No, he hadn’t wanted to take the time, or face the questions, or be made to engage in conversation of any kind. He’d been grabbing snacks from the kitchen or trading on his meager sway as a scion of the house to have plates sent up to his room. Unfortunately, especially in the evenings, those plates of food went cold and congealed when he passed out before remembering to eat.
“You’re too skinny and your magic is whisper-thin,” she observed. “And you look like a demon scraped you off the pavement then put you through a washing wringer.”
“I love you, too, Grandmother,” he replied wryly, realizing as he said it that he did love her. Still. Despite everything. He sighed. “I just want to get to the bottom of this riddle.”
“You never could resist a puzzle,” she noted fondly. “You were just like this as a boy, glued to whatever riddle-game you’d found, refusing to eat or sleep until you solved it—or we forcibly pried you away.” She paused meaningfully. “Do I have to forcibly pry you away?”
“No,” he said, capitulating to the fatigue so intense it nearly hurt. “I’ll go sleep.” It looked to be nighttime anyway, the windows black, not even a reflected glow from the wintry landscape outside.
“And you’ll eat first.”
“Yes, Grandmother.”
“Don’t ‘yes, Grandmother’ me, boyo. I’m wise to your tricks.” But she offered him a hand up, steadying him when he swayed. “You’ll sit at the table and eat while I watch,” she decided.

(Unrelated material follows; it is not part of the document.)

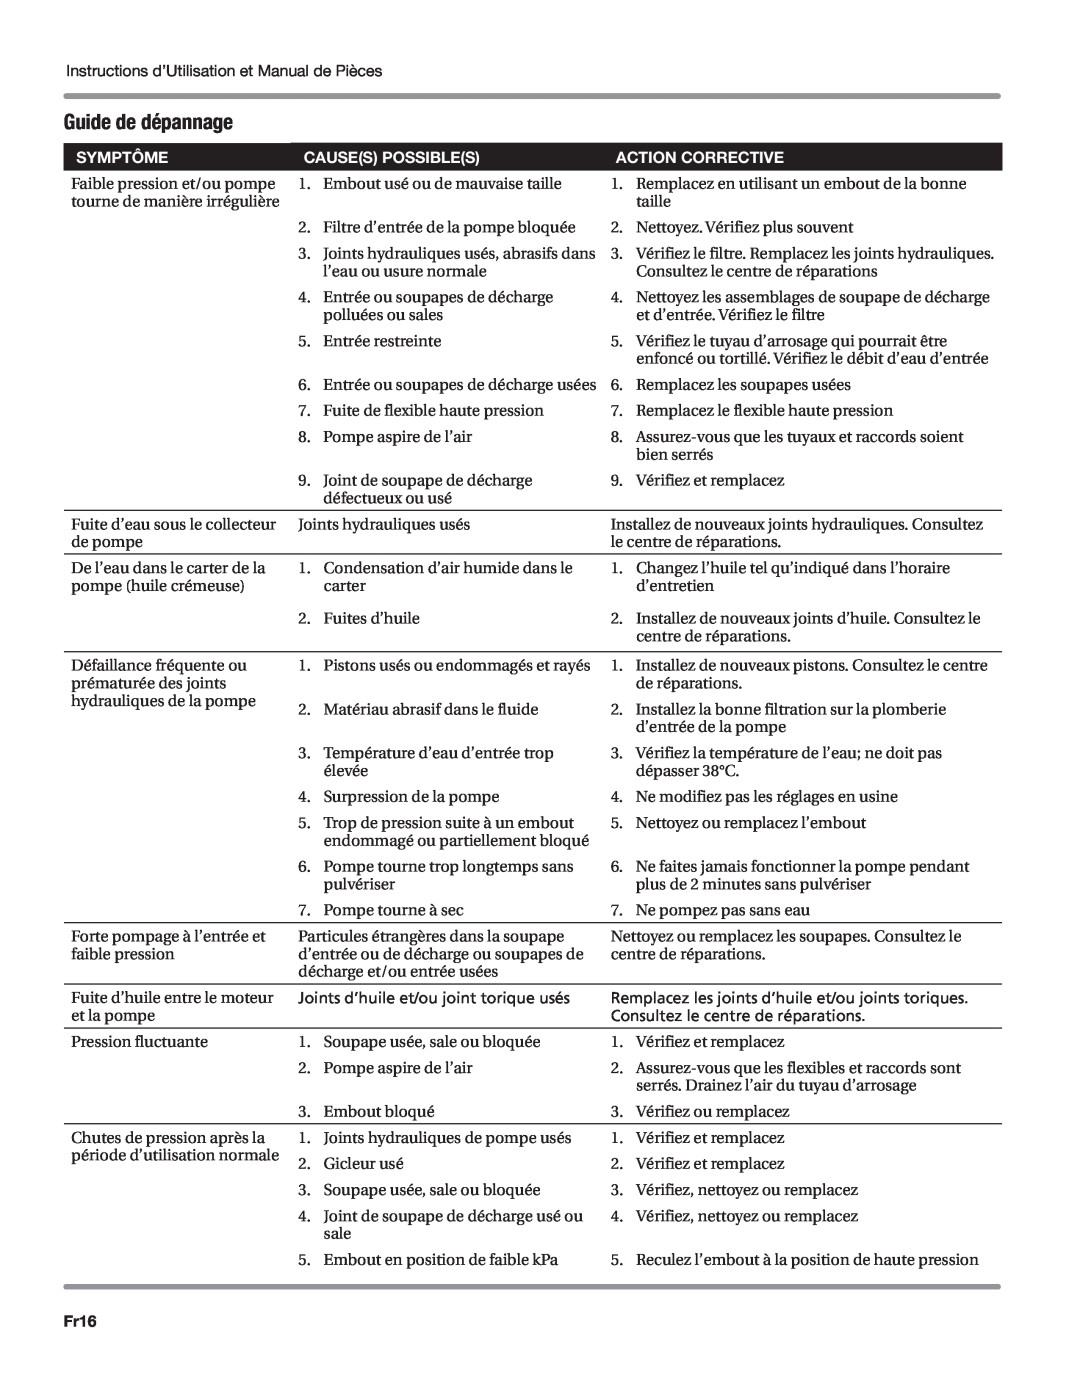 Campbell Hausfeld CP5101 manual Guide de dépannage, Symptôme, Causes possibles, Action corrective, Fr16 
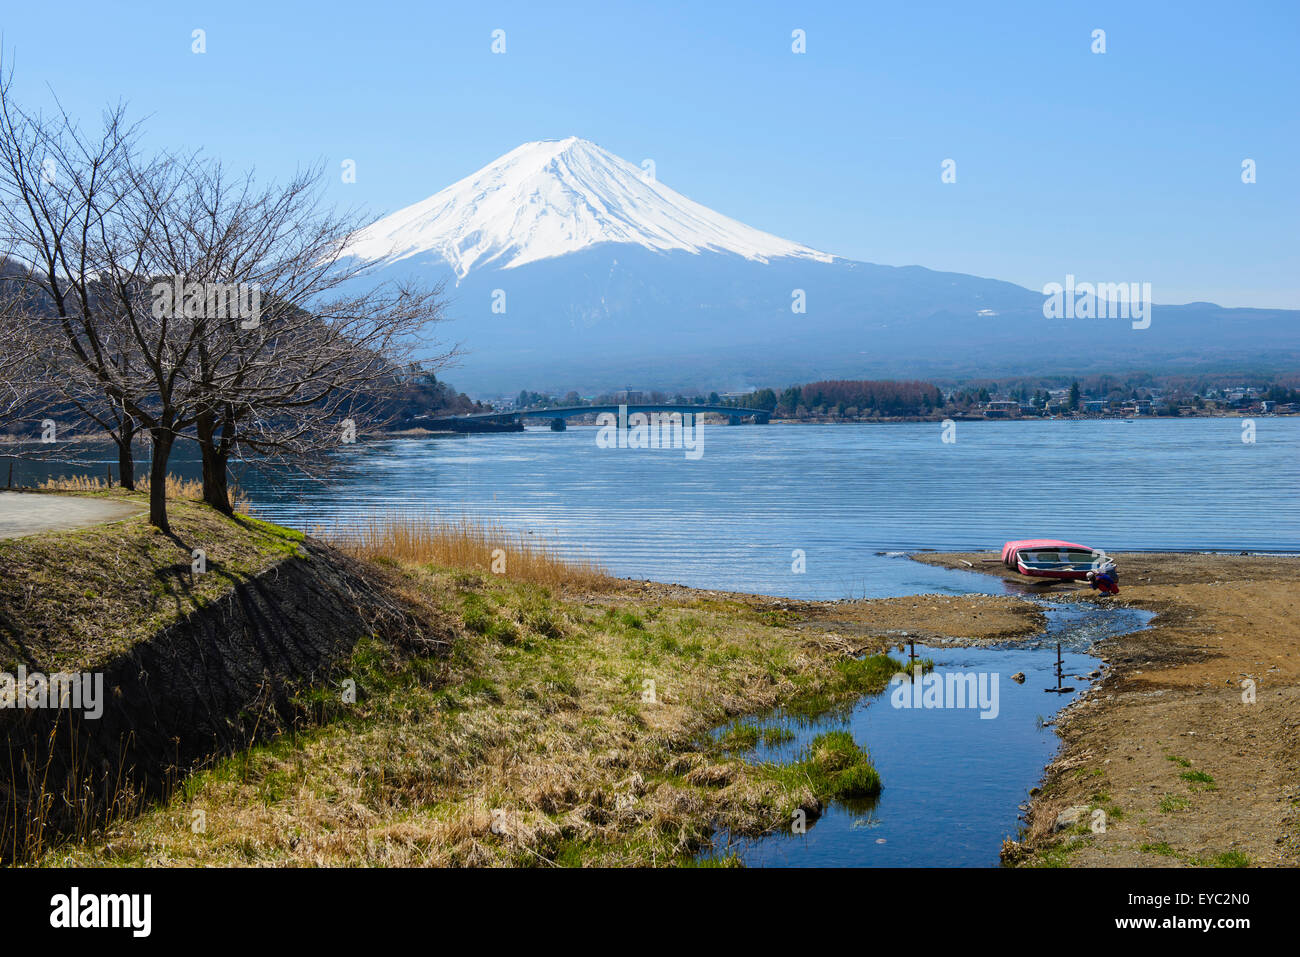 Mt. Fuji at Lake kawaguchi Stock Photo

“I had no idea that fell under the aegis of Lady Harahel,” Cillian mused. “Should I add it to my list of techniques to learn? ‘Badger junior wizards into eating and sleeping. Personally observe when necessary.’”
“Very funny,” his grandmother replied, sounding not at all amused now as she steered him out of the salon—barely preventing him from colliding with the door frame as he stumbled—and locking it behind them. “In general, junior wizards are not difficult to pry away from work. Keeping them from indulging in side-projects, pleasure reading, and eating their weight in cinnamon rolls and hot chocolate is the primary challenge.”
“This project is important,” he said fuzzily, knowing that much to be true. Even in his current state, the need to get to the core of the archive, to solve the riddle, burned like an unquenchable flame. “Alise needs these answers.”